Right from the runway is the Express way. Express operates some 650 stores throughout the US, Canada, and Puerto Rico that sell trendy private-label apparel and accessories targeted to men and women between the ages of 20 and 30. (The chain's fashions are styled to have an international influence and modern appeal.) The stores are located primarily in malls. Express also sells denim and lingerie and operates a growing online business. The chain's international footprint is growing through franchise agreements in the Middle East and Latin America. Launched by Limited Brands (later renamed L Brands) in 1980, Express was taken public in 2010 by the private equity firm Golden Gate Capital.
Express sells through brick-and-mortar retail and outlet stores, an e-commerce operation, and franchises.
Express' brick-and-mortar stores generated about 81% of its total sales in fiscal 2016 (ended 30 January) while its e-commerce channel contributed another 17% to total sales. By merchandise type, apparel made up 88% of the retailer's total sales, while accessories and other items made up an additional 10%. Women's merchandise made up 63% of sales, while men's merchandise made up the remainder. The retailer has around 18,000 employees.
On a purchase order basis, the retailer sources its merchandise from some 60 vendors operating through 306 manufacturing facilities out of 20 countries (mostly in Asia and South and Central America). The top five countries it sourced merchandise from, based on cost, were: China, Indonesia, Vietnam, Sri Lanka, and the Philippines.

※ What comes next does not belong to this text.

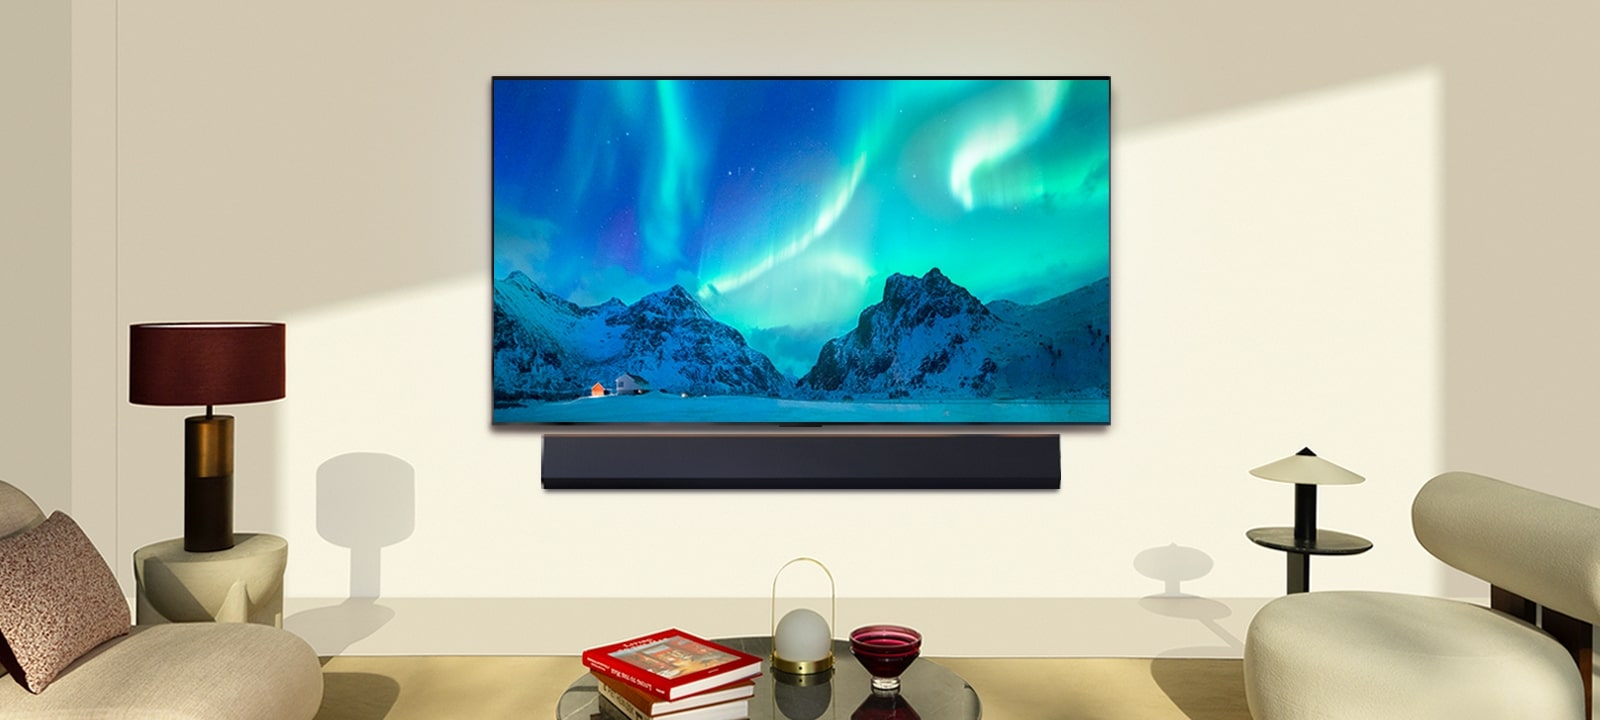 Una imagen de un televisor LG OLED y una barra de sonido LG en un espacio moderno durante el día. La imagen de la aurora boreal se muestra con los niveles de brillo ideales

Express operates around 650 stores and more than 80 factory outlet stores in 48 US states, the District of Columbia, Puerto Rico, and Canada. California, Texas, Florida, and New York are major markets for the retail chain. The retailer has more than 15 locations in Canada. Overseas, franchisees operate 10 stores in the Middle East, 11 in Mexico and a handful of other Latin American countries, and five stores in South Africa.
Sales and Marketing
Express relies on a variety of marketing vehicles to increase store traffic and build its brand. These include direct mail, e-mail, and in-store promotions, as well as print, TV, and digital advertising. It also makes use of mobile tactics and social networking sites.
The retailer has been boosting its advertising spend in recent years. It spent $110.5 million in FY2016 (ended January), up from $104.6 million and $83.2 million in fiscal years 2015 and 2014, respectively.

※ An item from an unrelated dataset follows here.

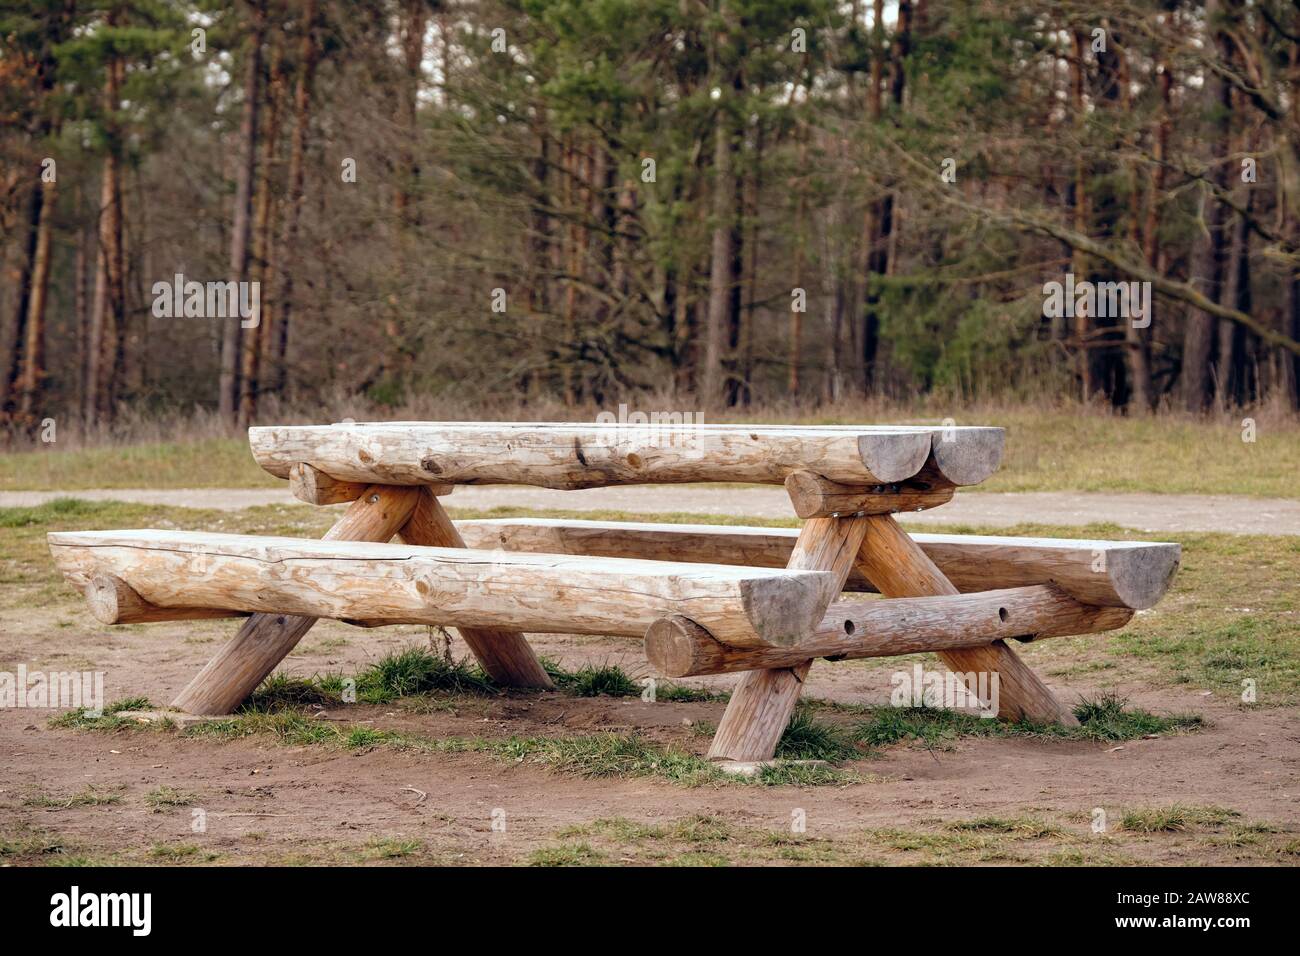 Panca rustica in legno e tavolo composto da tronchi d'albero su un prato di fronte ad una foresta. Visto in Germania nel mese di gennaio Foto Stock

Net revenue has fluctuated in recent years.
In fiscal 2016 (ended January), net sales grew 9% on prior year to $2.4 billion due to a 6% increase in dollars per sale on a comparable basis, which the company attributes to a strong product assortment and reduced promotional activity. More disciplined inventory management, faster product refreshes, and speed to market were other factors in strong store performance. Non-comparable sales increased by $69.9 million due to outlet store openings (partially offset by retail store closures).
E-commerce sales were up 11% for the year, and benefited from improved customer experience, including same-day delivery, and improved mobile and web applications.
Net income increased 71% on prior year to $116.5 due to higher sales and lower expenses. Cash from operating activities of $229.6 represented a 47% increase on fiscal 2015.
Express is seeking to grow through a combination of new store openings, growth of its e-commerce operation, and improving sales and margins at existing stores. More recently, it's been closing more traditional stores in favor of opening more factory outlet stores for the budget-conscious in appropriate markets. In fiscal 2016, Express opened 40 new factory outlet stores and one retail store in US, while closing 29 retail stores.
Express made strides in 2015 and 2016 in becoming a slicker outfit. Comparable sales in the period grew 4%, and sales per square foot 7%, on the back on more fashion items, new categories and collections, increased newness, greater inventory discipline including around product testing and purchasing, and better speed to market. The company's e-commerce operation also saw significant improvement – sales via the channel increased 11% due to similar reasons to the above, but also same-day delivery, website improvements, a better mobile platform, and improved customer engagement.
As part of its international growth strategy, Express made exited its franchise agreements in the Middle East and South Africa to focus on the Americas. The company has 18 franchises in Latin America.
Investment firm FMR LLC owns about 11% of the company's shares.
Golden Gate Capital, which bought ailing Express from Limited Brands in 2007, took it public in an IPO worth about $272 million in 2010. The proceeds were used to reduce debt, which stood at $199 million at the end of January 2013 compared with $367 million in January 2011. The IPO followed years of pain for Express, which had closed more than 300 stores since 2005 amid declining sales. During that time it converted most of its remaining locations to a dual-gender format, which the company believes is more productive and profitable.